Может быть, я надоел мистеру? Нет? А то я смотрю, что мистер зевает, как во время разговора с той мисс, у которой большая бородавка на шее…
* * *
Боб пришел веселый и трезвый. В то время неграм жилось плохо, но он умел приходить таким.
– Иди к Перкинсу.
– Я уже съел у него курицу. Может быть, ты думаешь, что я, как удав, смогу сегодня четыре раза пообедать до следующего вторника?
– Иди к Перкинсу.
– Если ты с ним так подружился, можешь идти сам и даже жениться на его оспенной дочери и фаршировать всякую тухлятину, пока вас всех не повесят на одном дереве.
– Иди к Перкинсу.
– К Перкинсу так к Перкинсу.
В то время, как и теперь, негры не ездили на автомобилях, и только через два часа я осторожно просунул голову в эту мерзкую лавчонку и посмотрел, что делает ее хозяин.
* * *
Перкинс встретил меня, как голодная лисица молодого петушонка.
– А, Джимми… Давно тебя не видел.
– Часа четыре назад, – хмуро сказал я, показывая пальцем на коленку, которая познакомилась с мостовой у его лавки.

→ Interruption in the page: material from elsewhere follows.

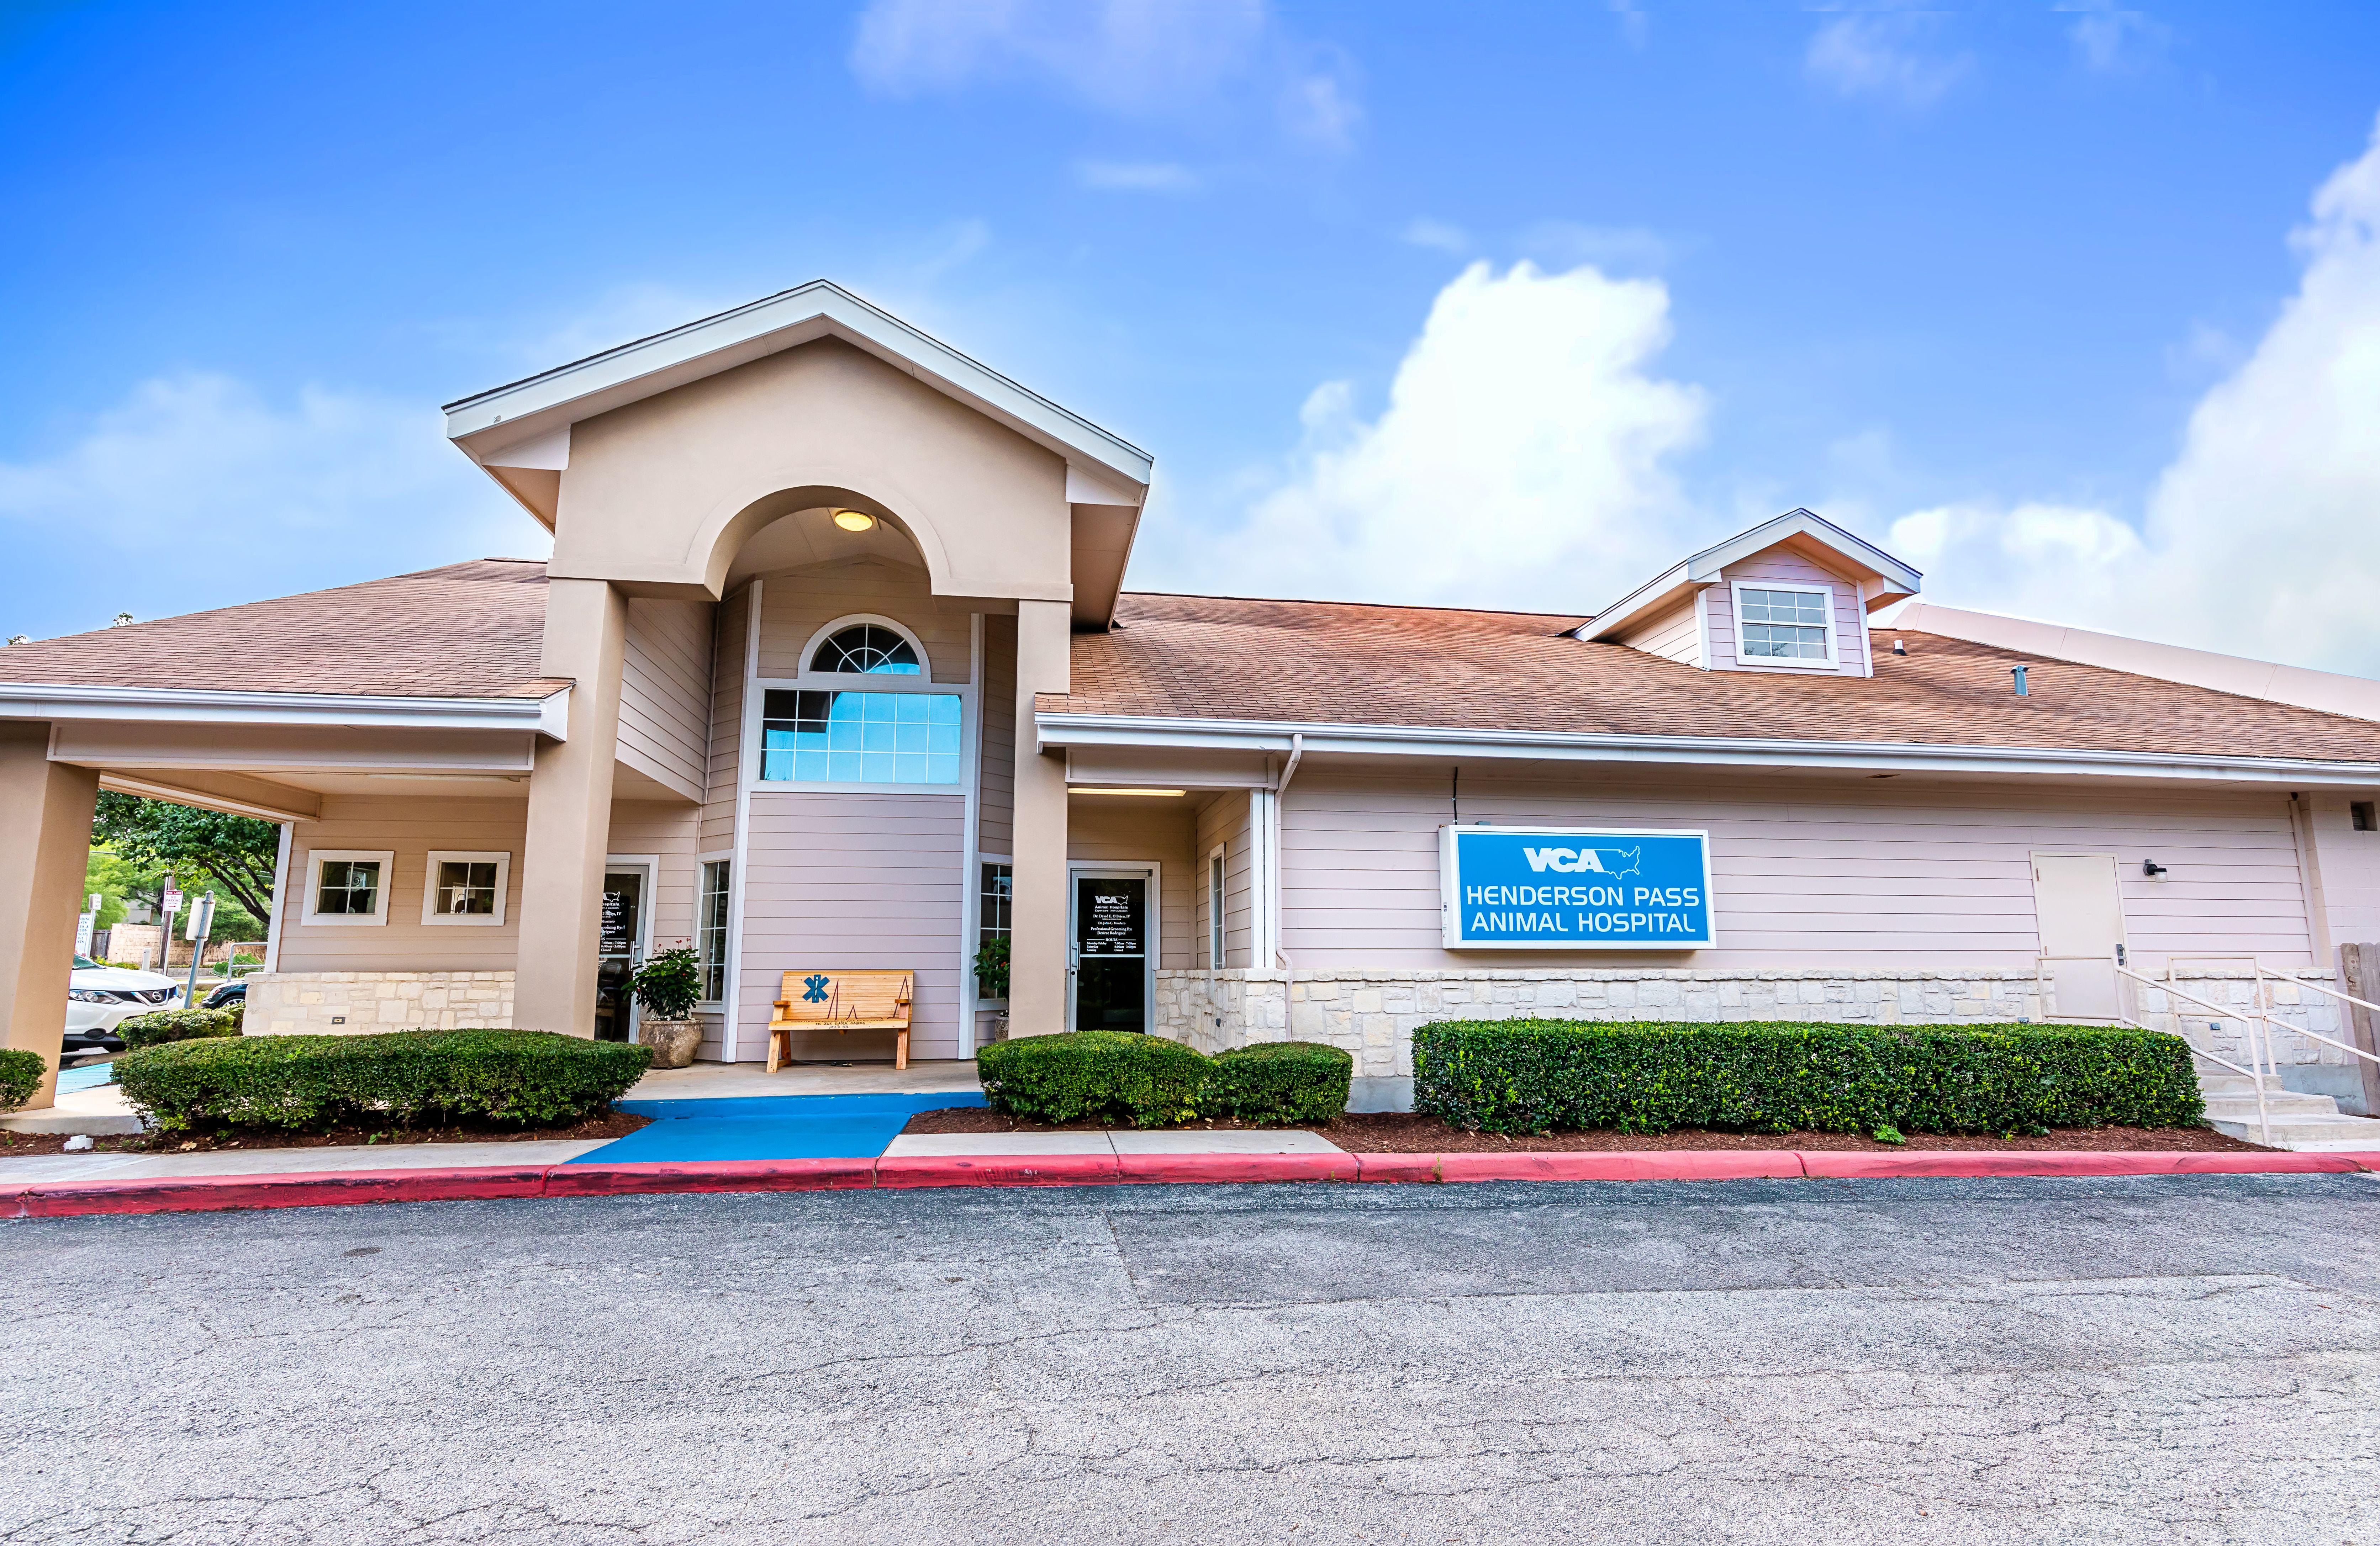 Welcome to VCA Henderson Pass Animal Hospital!

– Ну, брось старое… Может, хочешь кружечку эля и кусок ростбифа?
Что бы там ни замышлял Перкинс и что бы ни придумал Боб, раз предлагают ростбиф и эль – отказываться не надо. Все было так вкусно, что я даже взял с прилавка еще кусок пирога с орехами и положил его в карман. Перкинс только отодвинул подальше свиной окорок, но не сказал ни слова. Должно быть, он думал, что у меня золотые россыпи в Калифорнии, – иначе поднял бы скандал и зубами выгрыз бы из кармана этот кусок пирога.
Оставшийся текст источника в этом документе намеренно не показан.